Friday, January 09, 2009

The Oooliad: An Alimentary Epic, Prologue

"We usually react squeamishly to shit as if it were something bad.
But if we look into the matter we see that it could be the most
valuable substance on earth, because all life comes from shit and
returns to shit."

Vladimir Voinovich, The Life and Extraordinary Adventures of Private Ivan Chonkin

Prologue on Olympus: Olympus and Hera's Anger

Hera's wrath, to Oooli the direful spring
Of turds unnumber'd, heavenly host, sing!

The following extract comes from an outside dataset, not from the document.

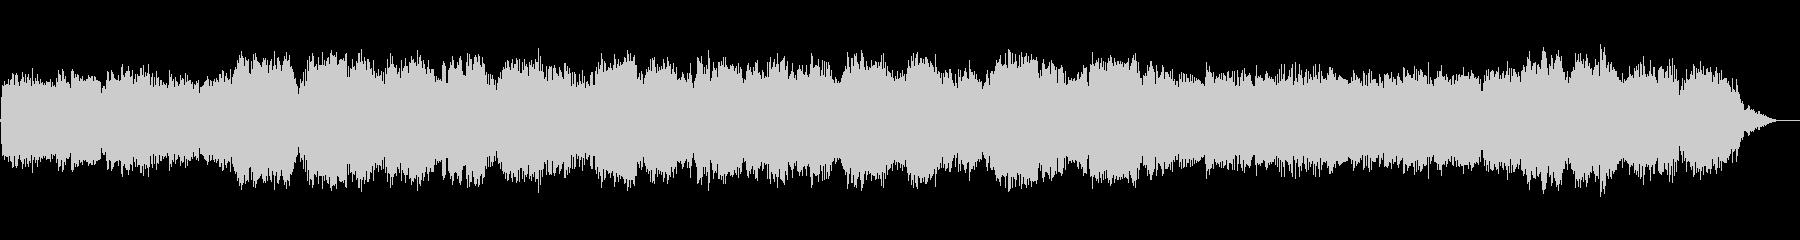 笛とシンセサイザーの静かな幻想的音楽の未再生の波形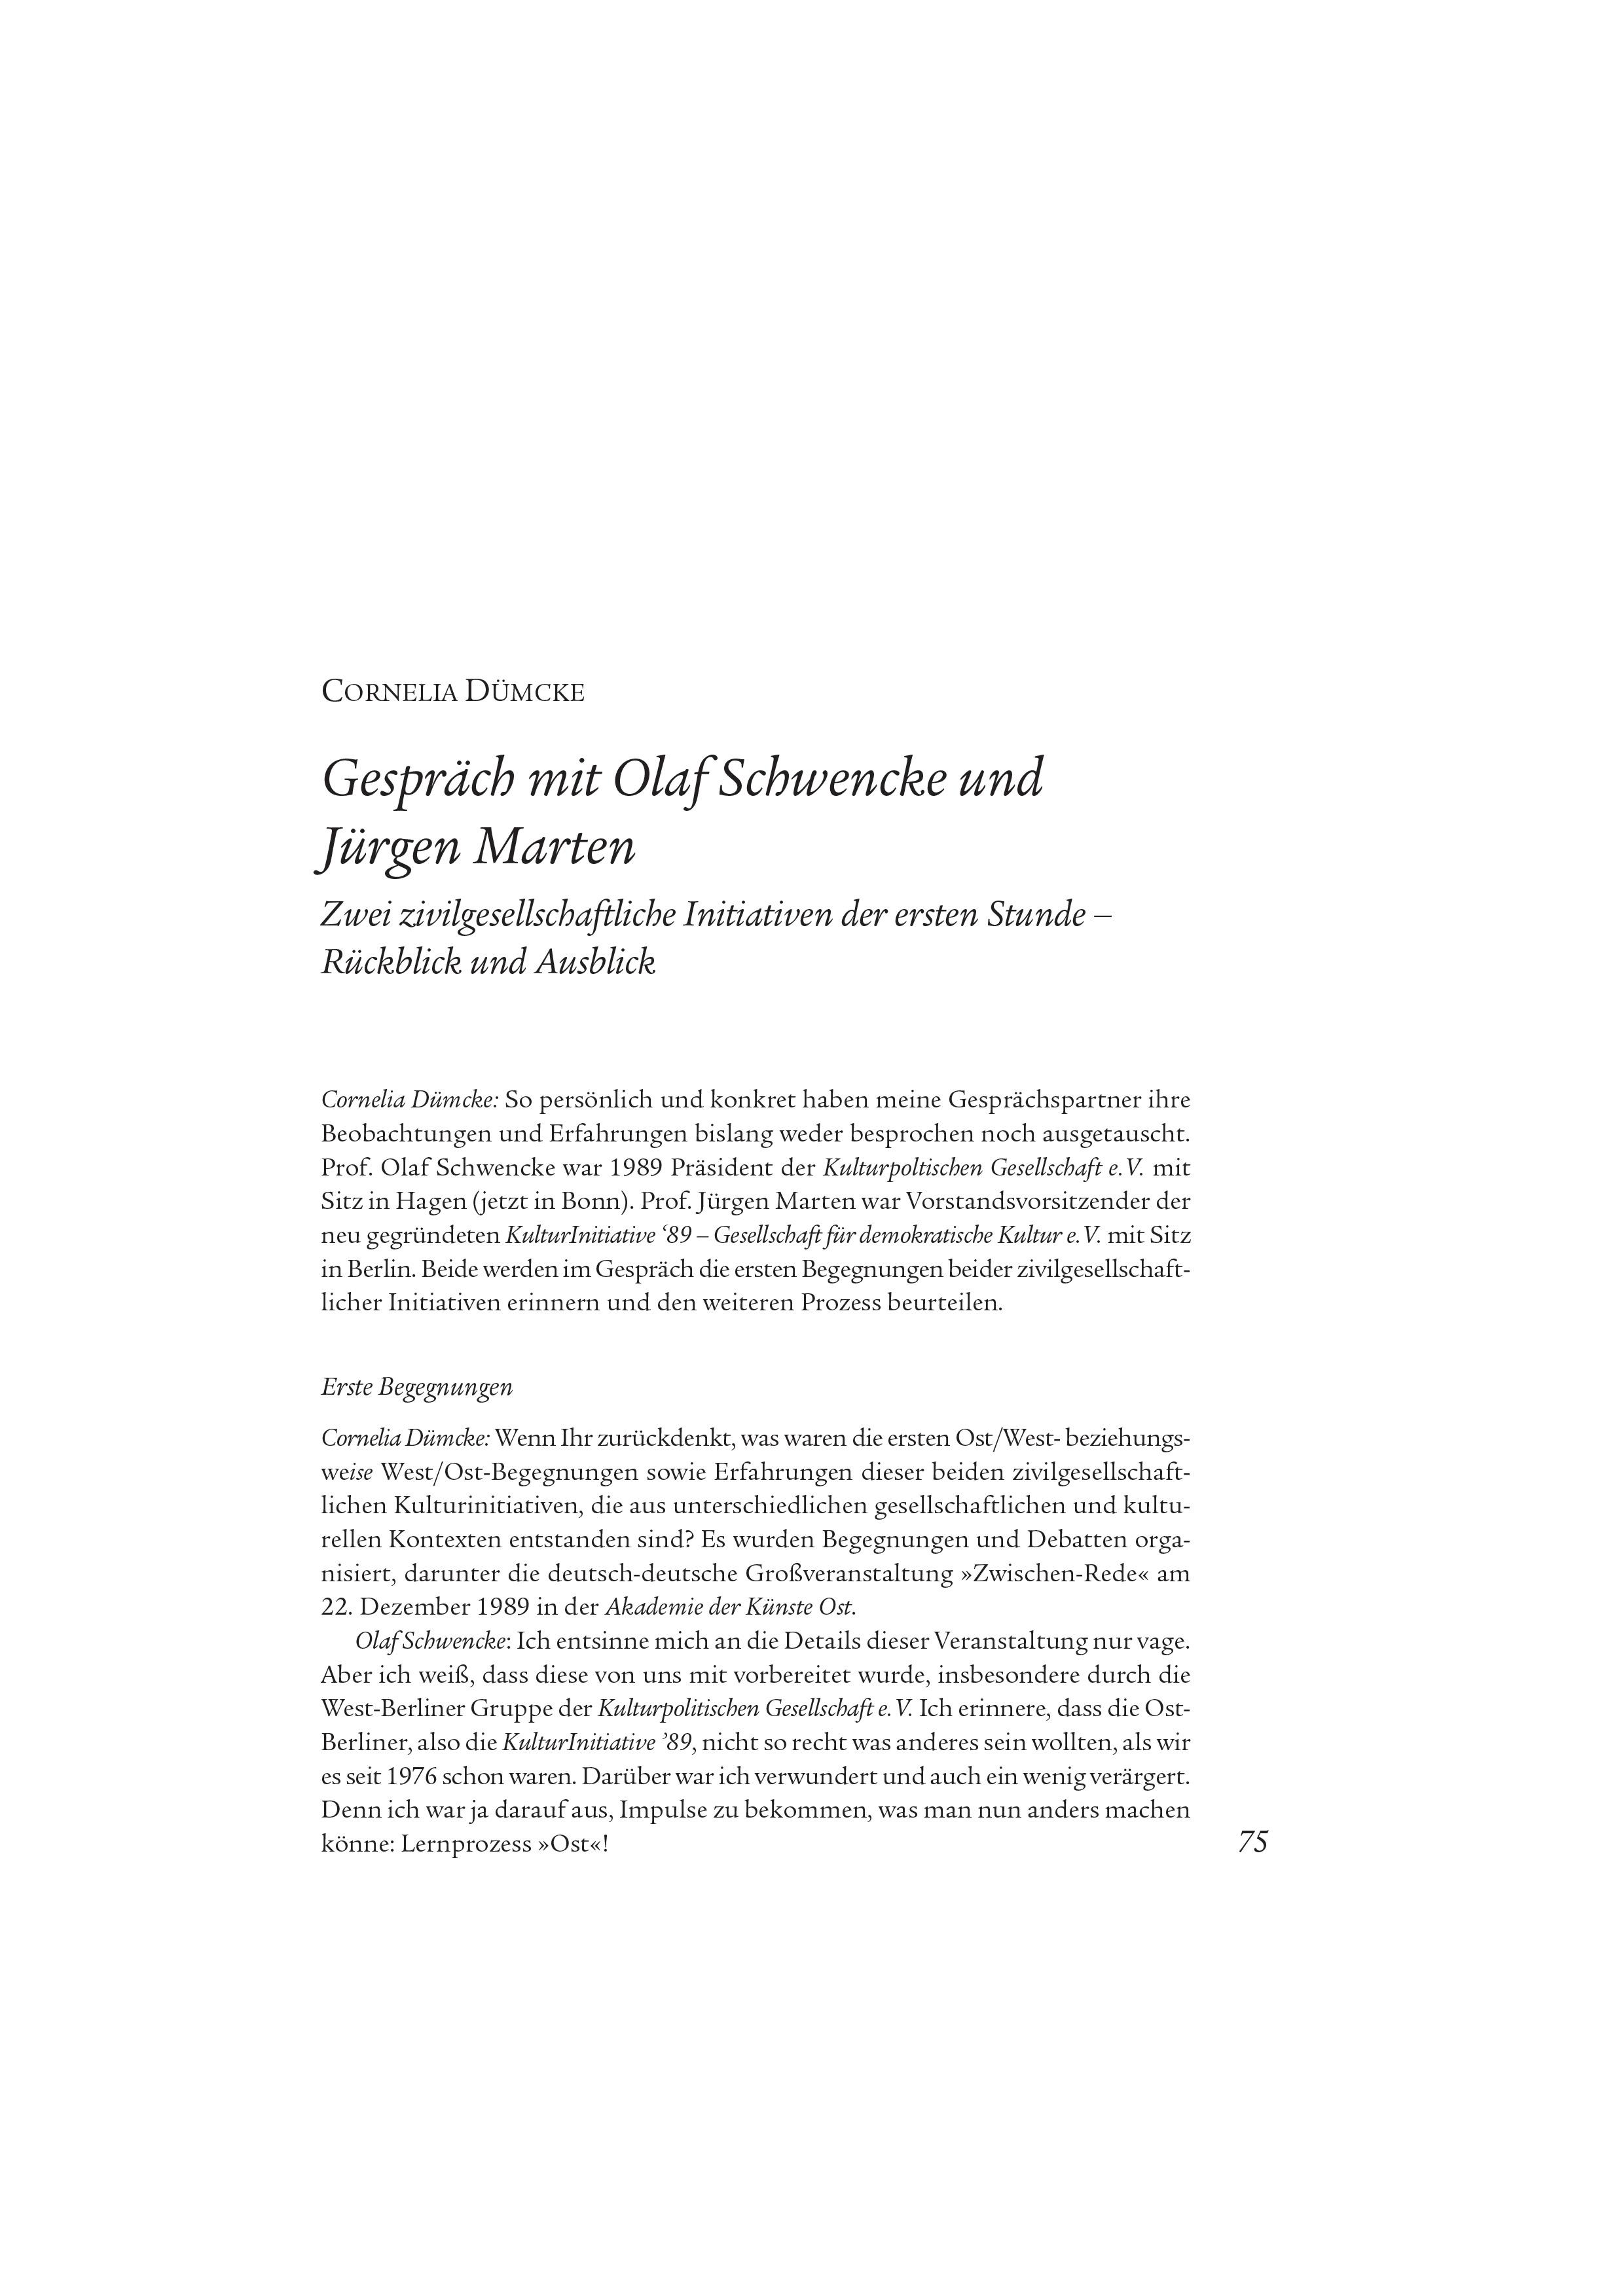 2016_Cornelia Dümcke_Interview_Jahrbuch für Kulturpolitik-1.jpg

Et passim, ad nauseam!(Cough) One can't sing in the grande style the dire travails
our heroine endured at the terminus of her alimentary canal.
From the Queen of the Gods the ruinous bolt shot. Jealousy and Ennui poured
calumnies in her ear about Zeus' love. And to her Brother-mate she sped.

Zeus, at the time, was being spray-tanned by Ganymede. Thumbing through an issue
of US and shaking his Hoary Locks to music on his iPod. Ageless and careless,
the Gods were like wealthy Americans. And, like them, too, the Recession was fodder
for Banquet Hall bon-mots.

Espying Hera from the corner of his eyes, he nudged fair Ganymede and issued
a few sighs.
"Who is this Maiden you openly try to seduce? You only curse those you woo!
Two attempts have I heard, luckily failed. Now her very bowels I shall travail!"
"Shush dear Queen. It's only respite from the monotony. The girl drives a truck
with a gun-rack. She's a hillbilly! A match to you? No! A mere dalliance."
"Two attempts you fool! Once as a Rat, the next, a mouse! Once more and I'll
have Hephaestus geld you!"
"Hold thy threats and know your place! It may be different down there, but here,
nothing's changed!"
And Zeus' threat hit home and Hera began to blubber. Nothing changed, not even
Hera's hard heart.

The Gods were stuck between boredom and bemusement. Apollo ruled the Mount
with his son Aesculapius. Ambrosia, after so many years, tasted flat, gave no mirth.
Pill-time was the rage. Ganymede and Hebe pushed the cart at 6 hour intervals.
Zeus took Xanax. Hera,Paxil. Hermes was off on a cloud doing Crystal Meth. Ares,
after Aeons of War, was morbidly obese, took Lipitor and desired a Gastric By-Pass.
Aphrodite, his wife, had Chlamydia and wanted her breasts augmented.

In short Olympus, by dint of years of mortals' oblivion, had went neurotic
and became a clinic. Yearning for times when they actually mattered, they now
were nostalgic voyeurs, watching Reality TV and reading the Papers. Men had reached
the moon and made a pill to make them more virile. Why call upon the Gods' when they
did all by their own mettle? This deepened their sadness and they acted like parents
who have lost their children.

They had become myths for skinny pedants to argue over. Heroes and fair
maidens no longer vied for their favor. No fatted calf on the spit roasted for them.
Steaks, hamburgers and hot-dogs were insults.

So fortune and misfortune came from them as from a Lottery. They were careless,
fickle, yet still had the power of Deities.